**Requirement**
Write out the material below again, line for line, without any images.

**Exercise data**
************

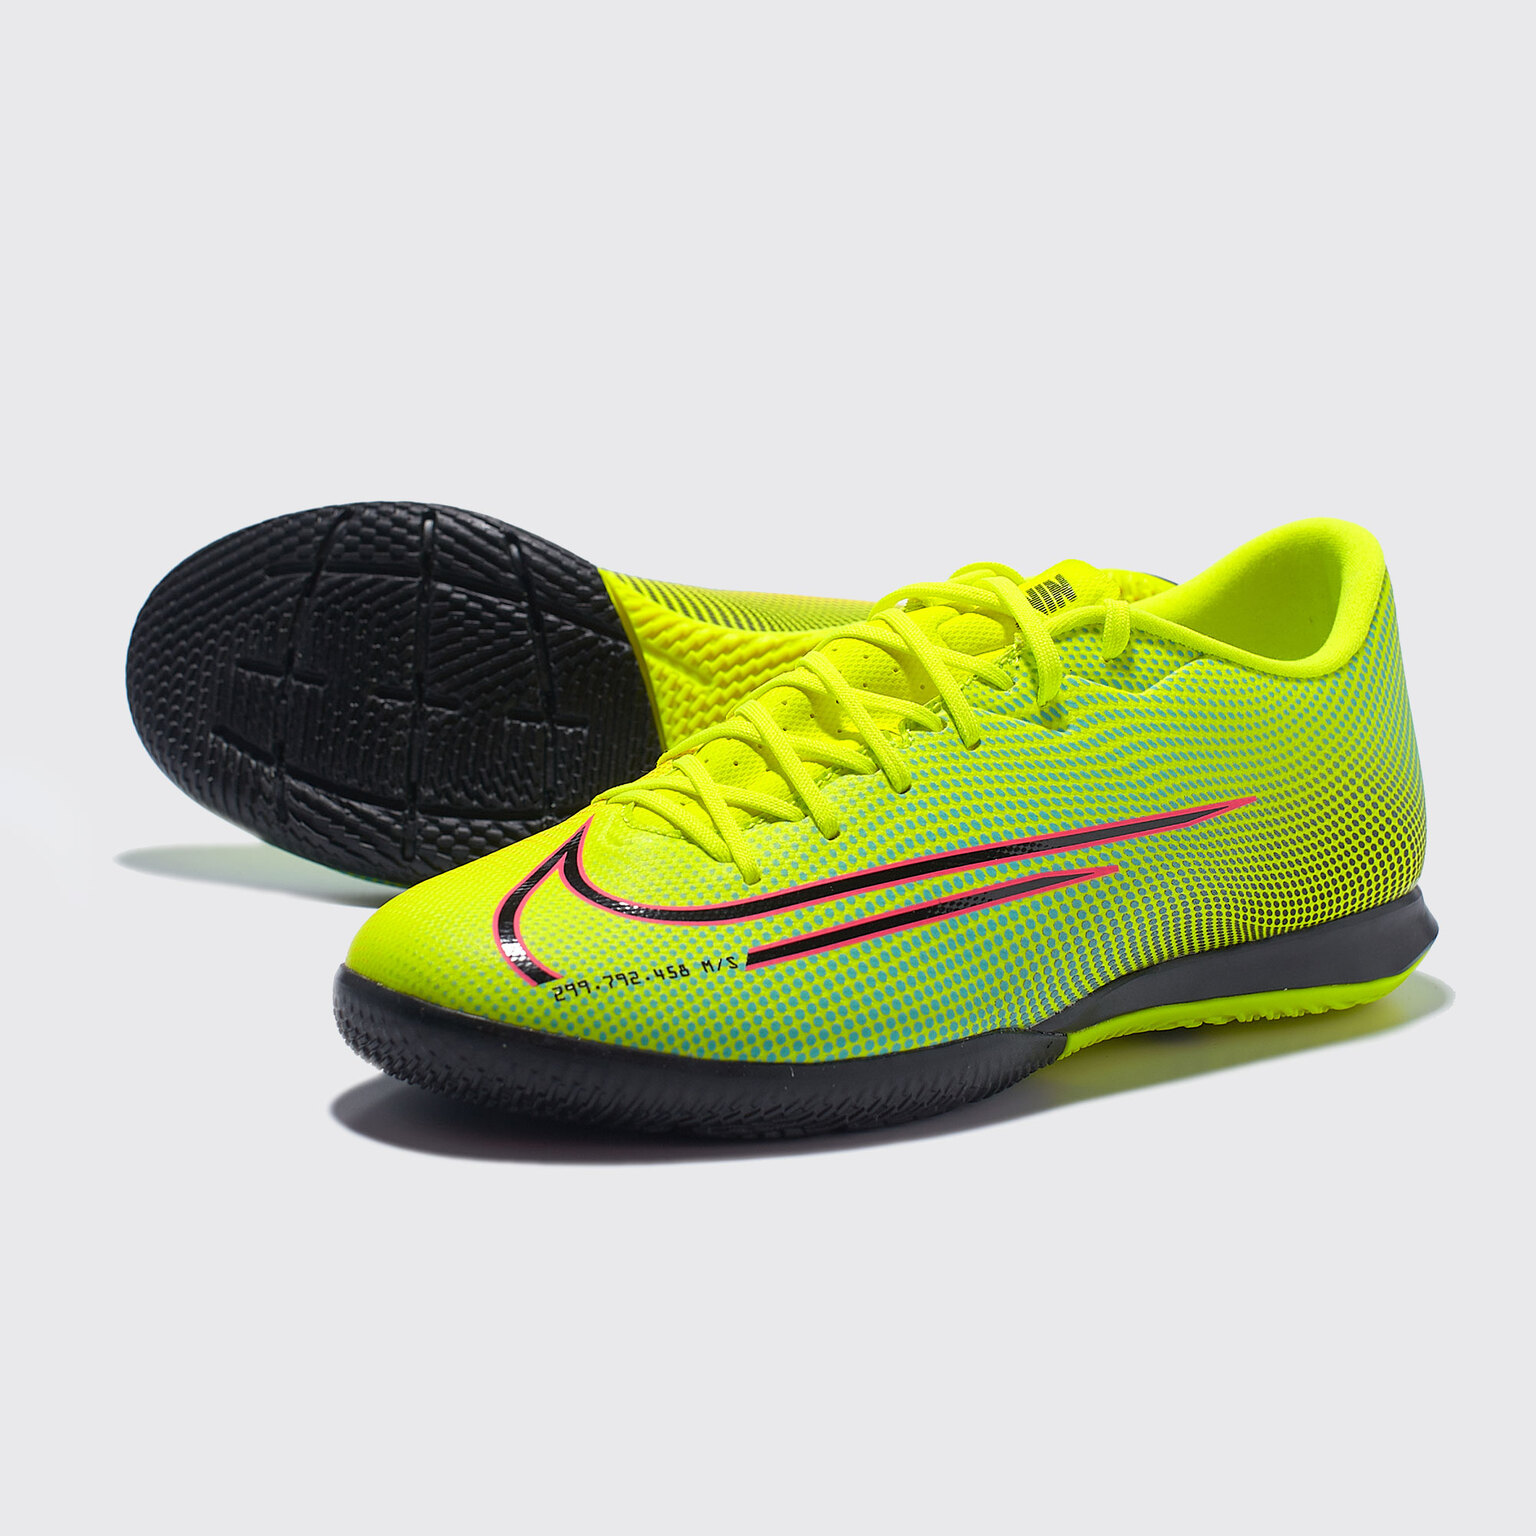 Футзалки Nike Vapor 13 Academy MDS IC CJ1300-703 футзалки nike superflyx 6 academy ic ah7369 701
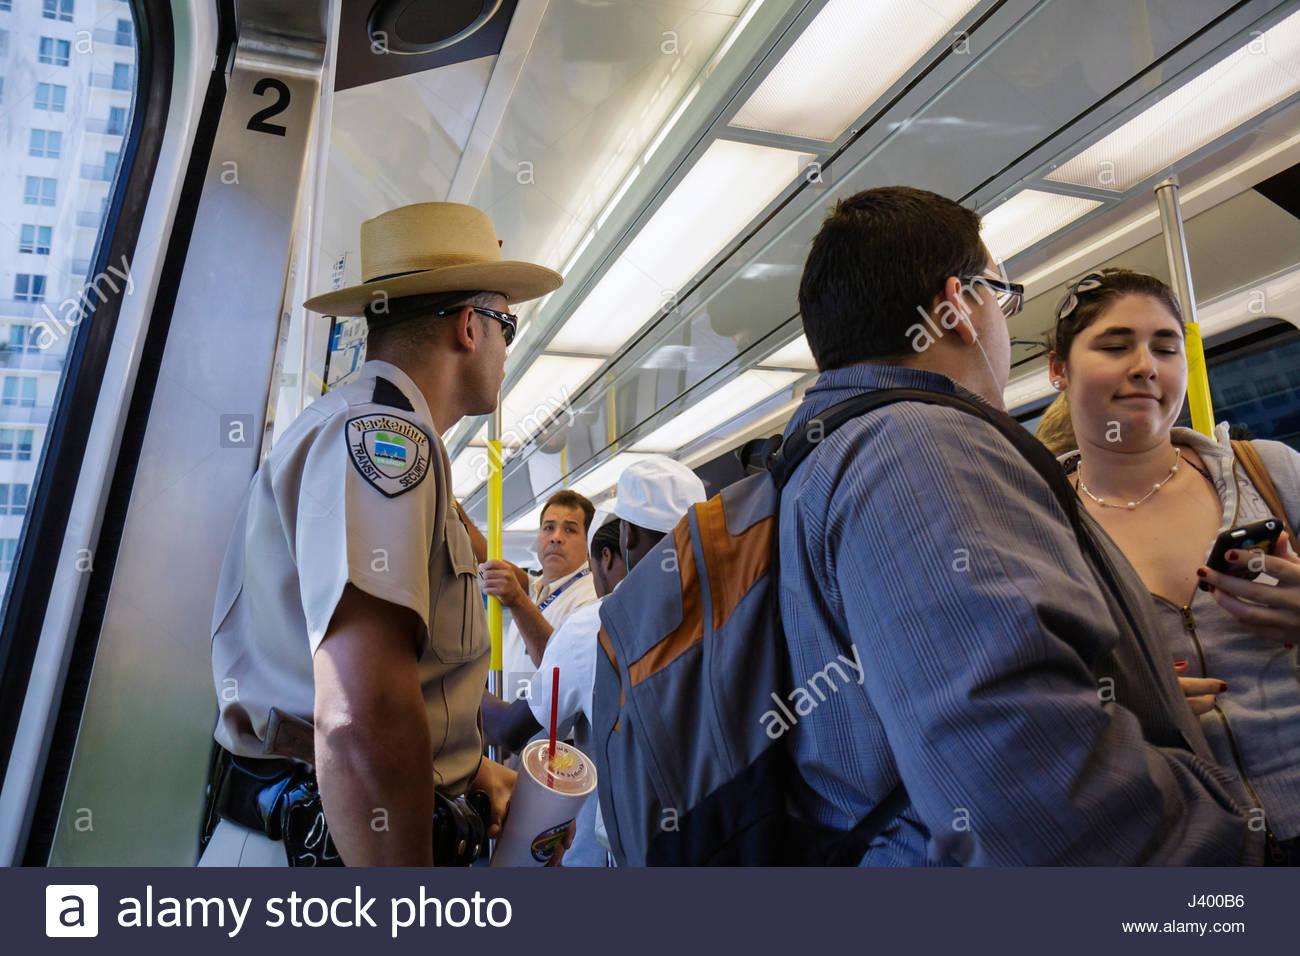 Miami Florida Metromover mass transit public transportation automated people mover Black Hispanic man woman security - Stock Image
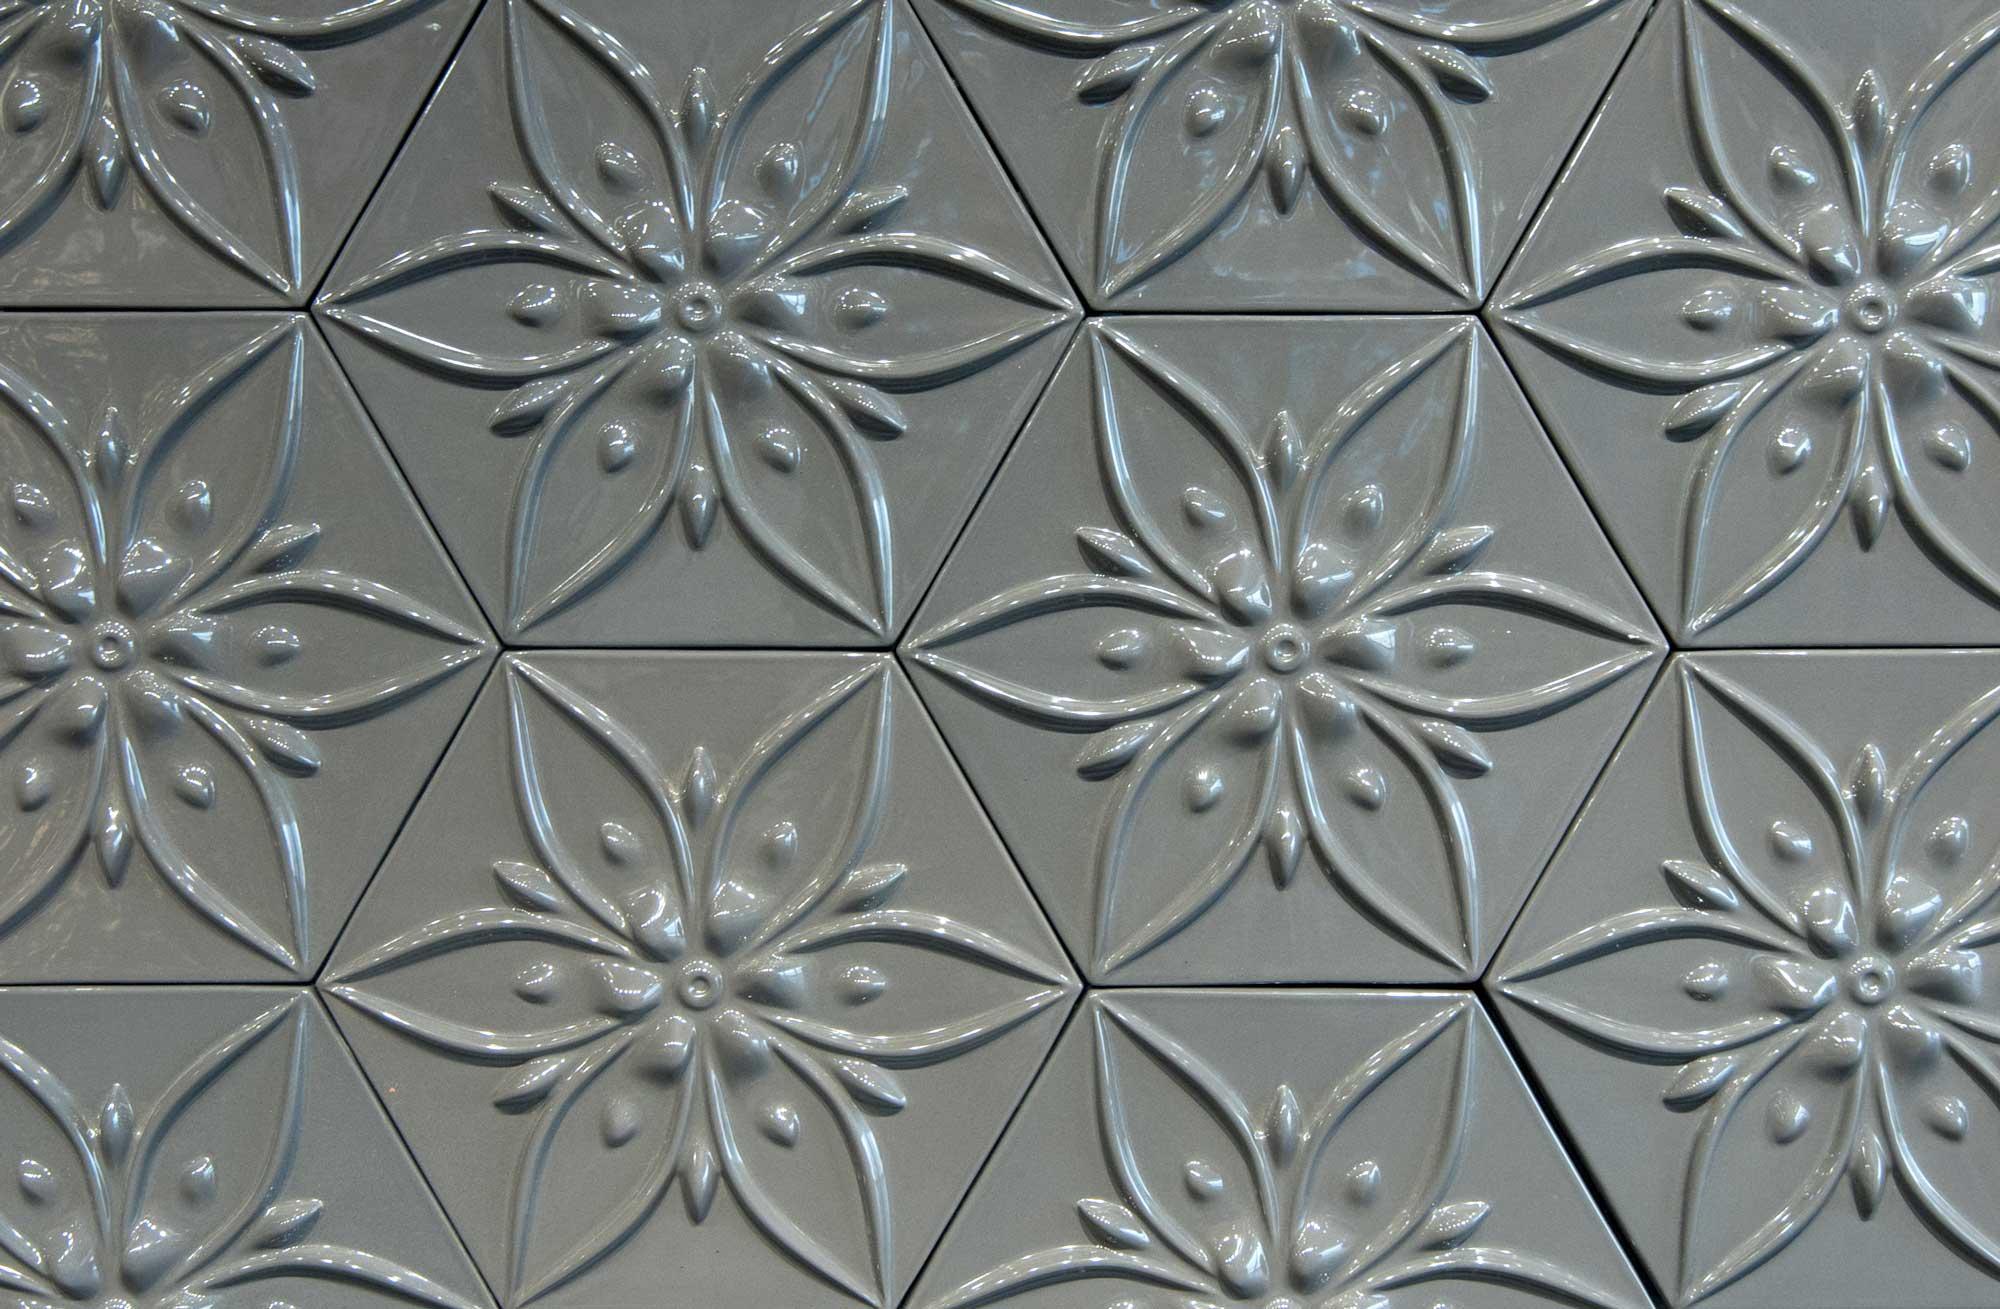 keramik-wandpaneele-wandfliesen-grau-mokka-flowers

************

**Response**
 Футзалки Nike Vapor 13 Academy MDS IC CJ1300-703 футзалки nike superflyx 6 academy ic ah7369 701
 Miami Florida Metromover mass transit public transportation automated people mover Black Hispanic man woman security - Stock Image
 keramik-wandpaneele-wandfliesen-grau-mokka-flowers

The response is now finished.